Raw data:
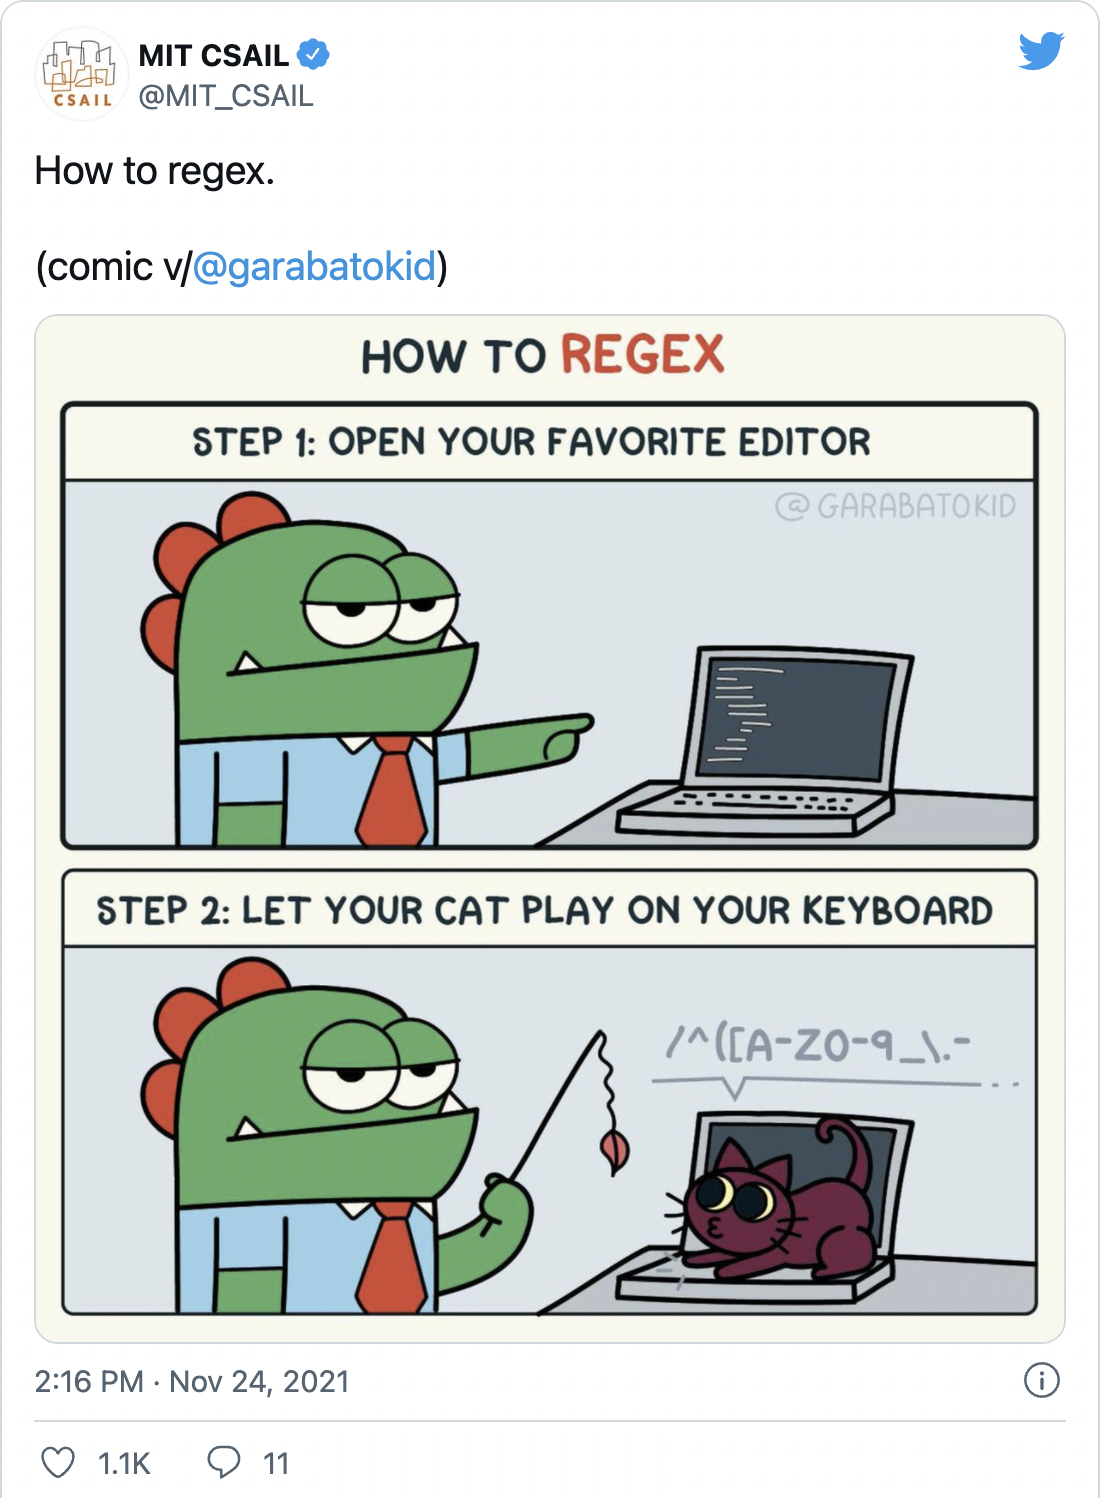 MIT CSAIL (@MIT_CSAIL) on Twitter) &ldquo;How to regex. (comic v/@garabatokid)&rdquo;
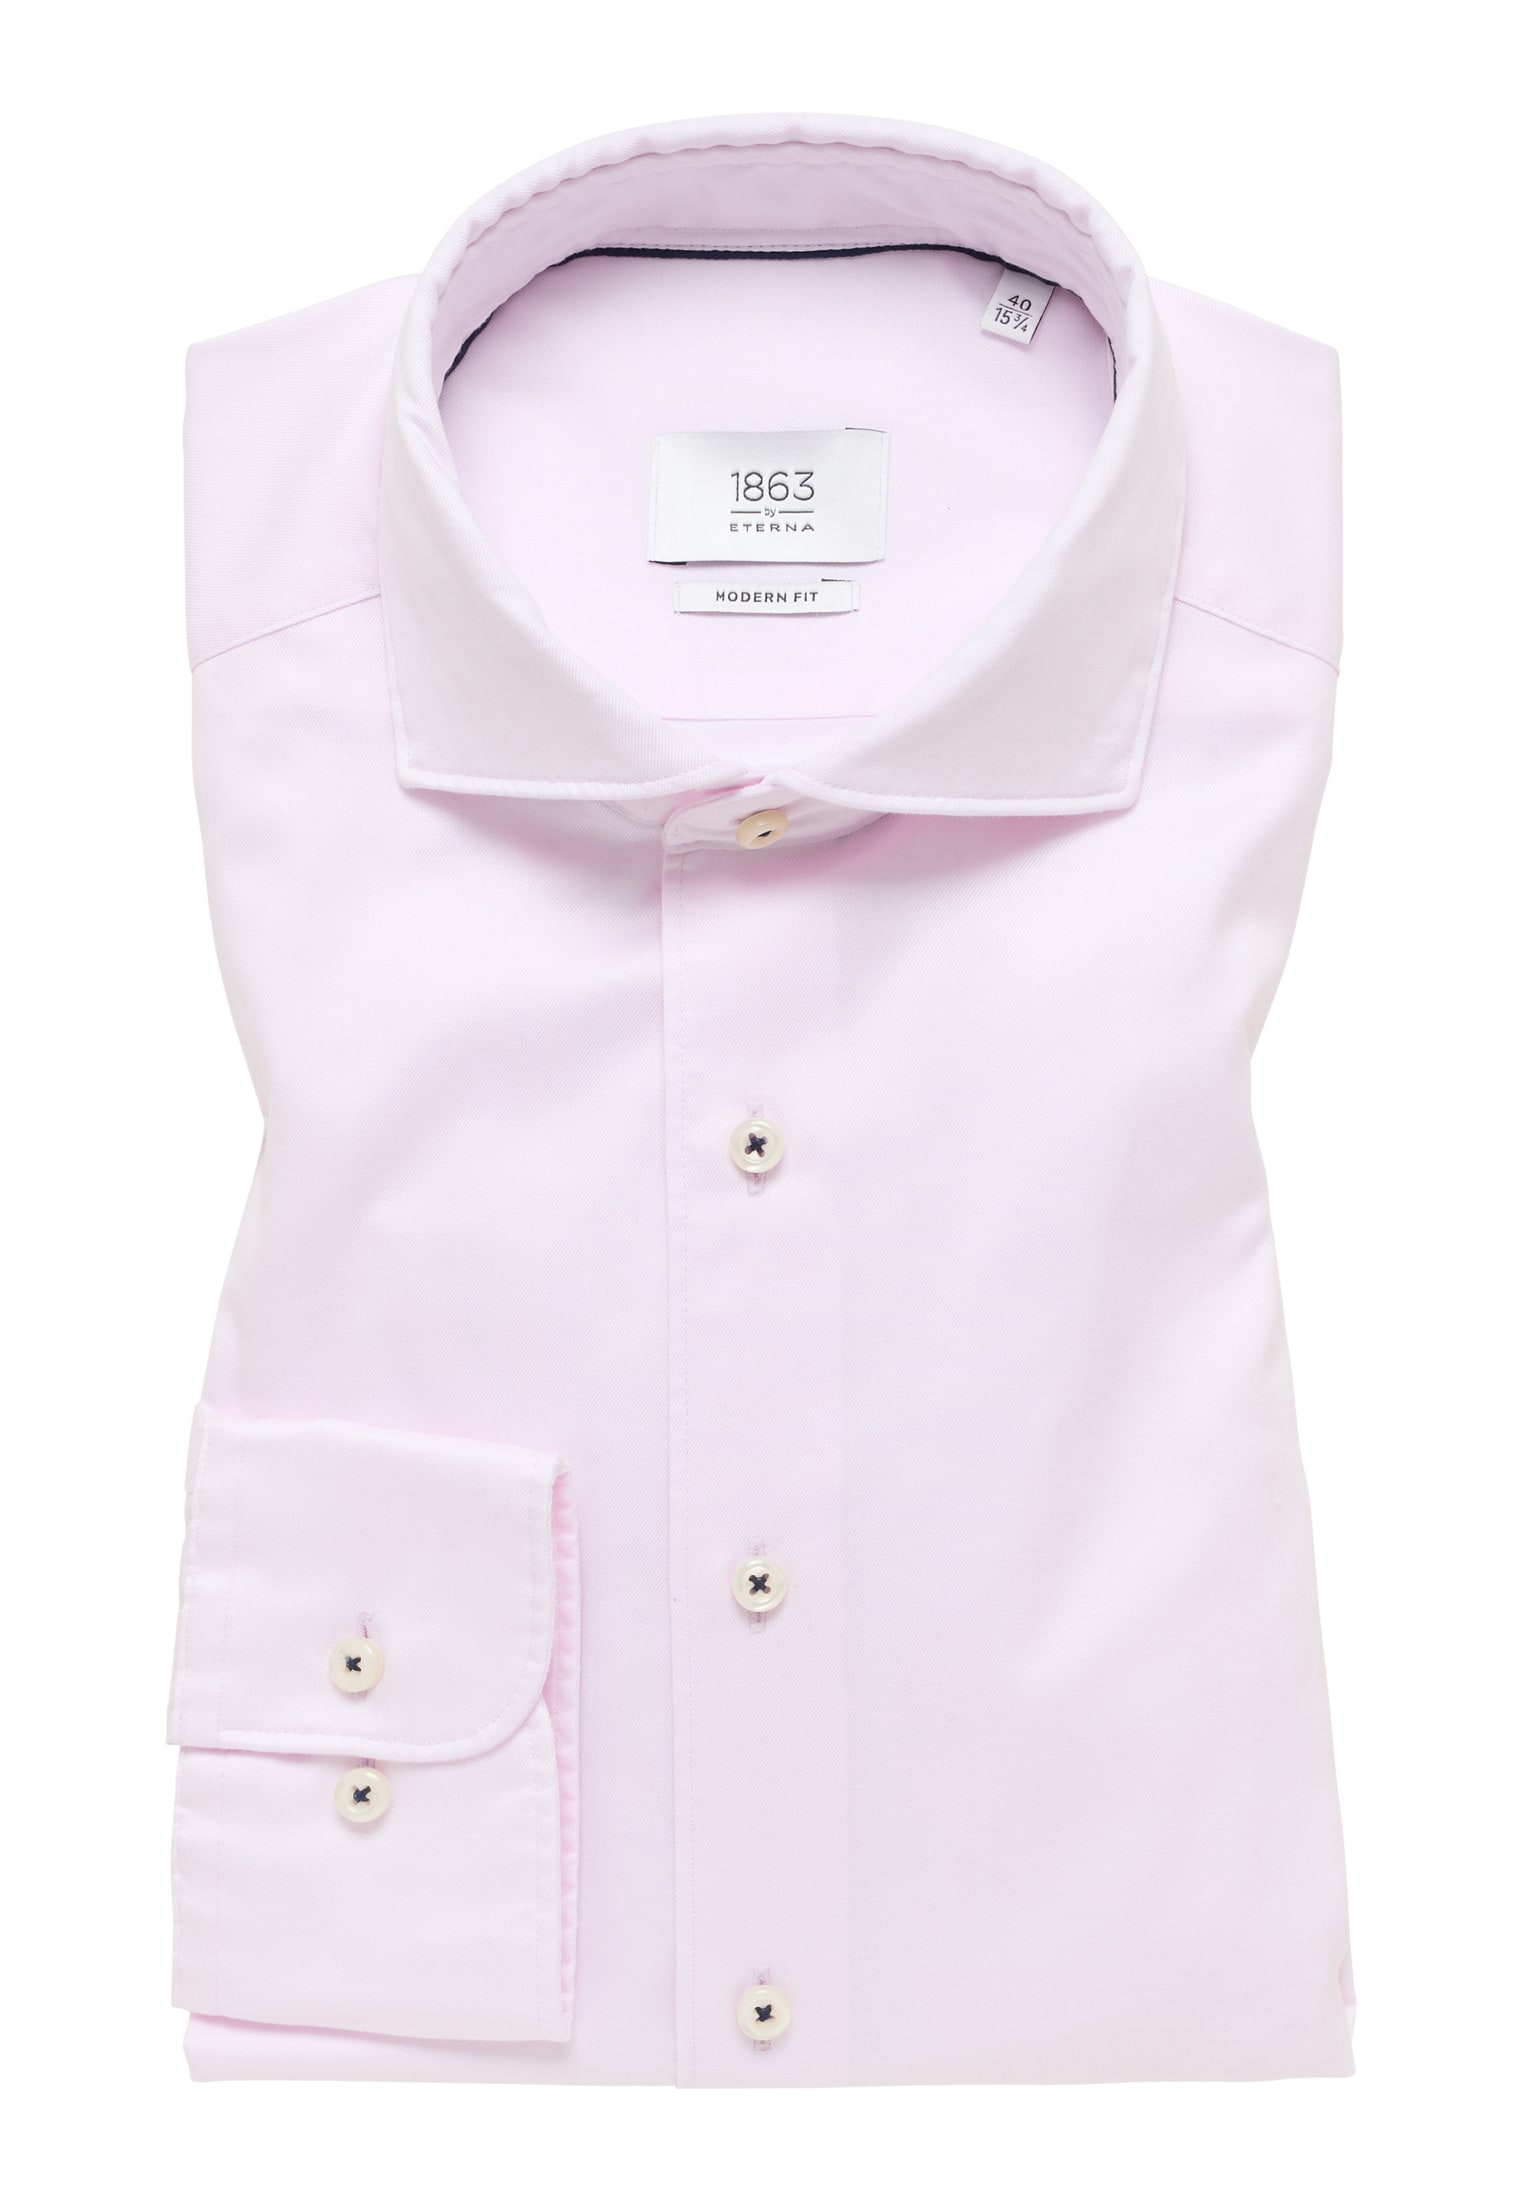 soft Soft MODERN pink sleeve | 42 Luxury long 1SH03488-15-12-42-1/1 | in pink Shirt | FIT soft plain |
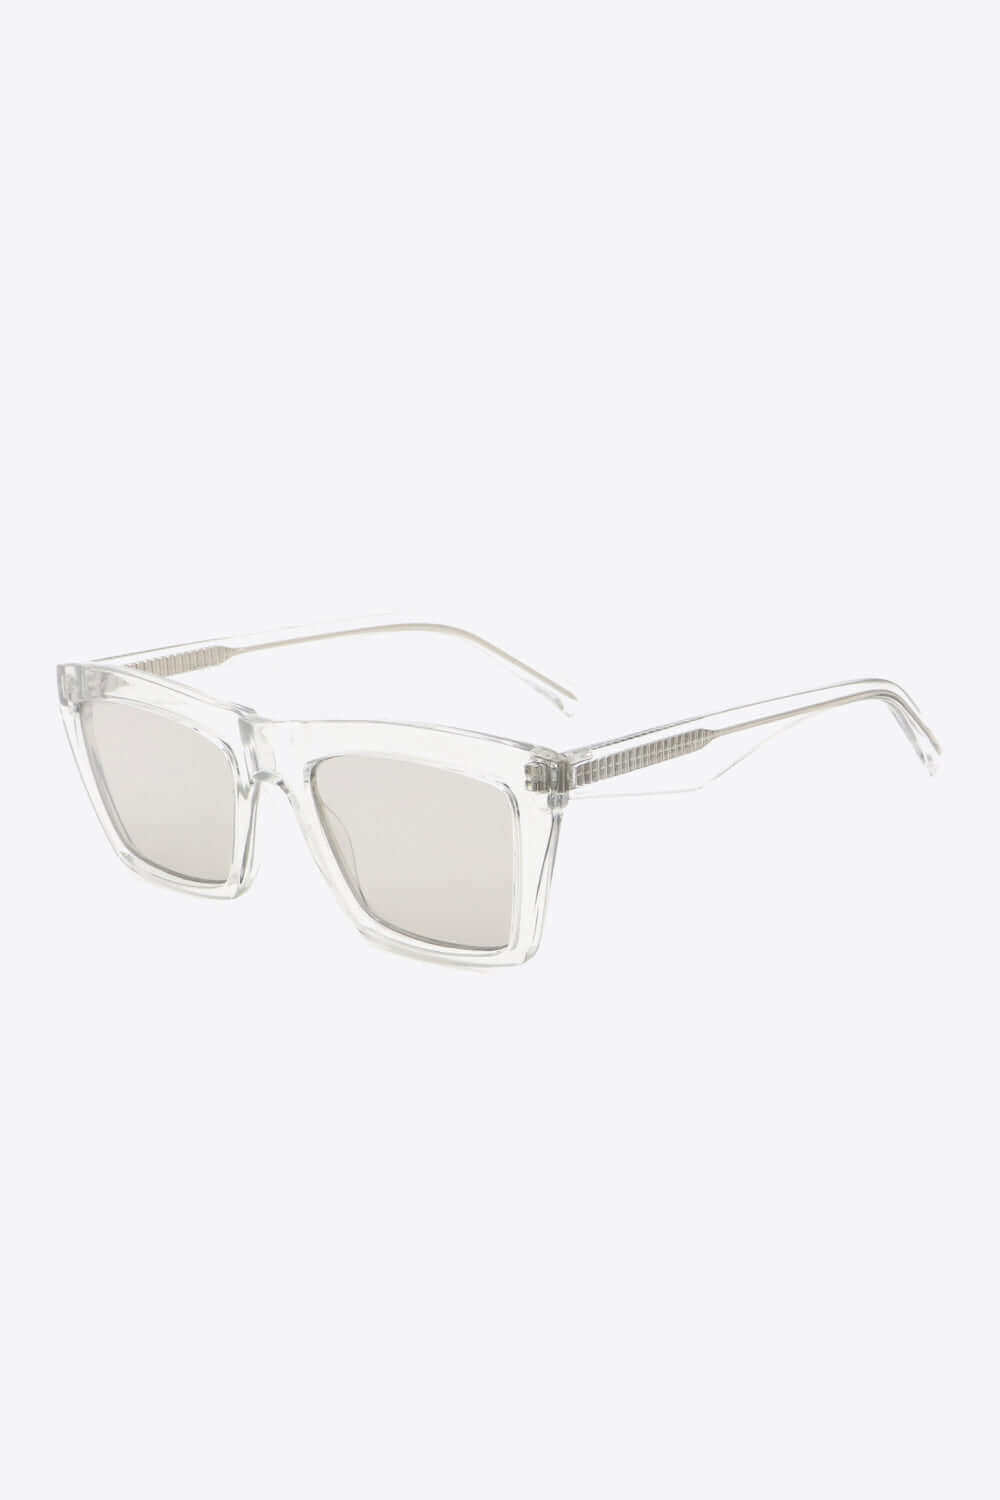 Cellulose Propionate Frame Rectangle Sunglasses - Samslivos

About this exercise: Output the material above exactly, without pictures.

Result of the task:
 MIT CSAIL (@MIT_CSAIL) on Twitter) &ldquo;How to regex. (comic v/@garabatokid)&rdquo;
 soft Soft MODERN pink sleeve | 42 Luxury long 1SH03488-15-12-42-1/1 | in pink Shirt | FIT soft plain |
 Cellulose Propionate Frame Rectangle Sunglasses - Samslivos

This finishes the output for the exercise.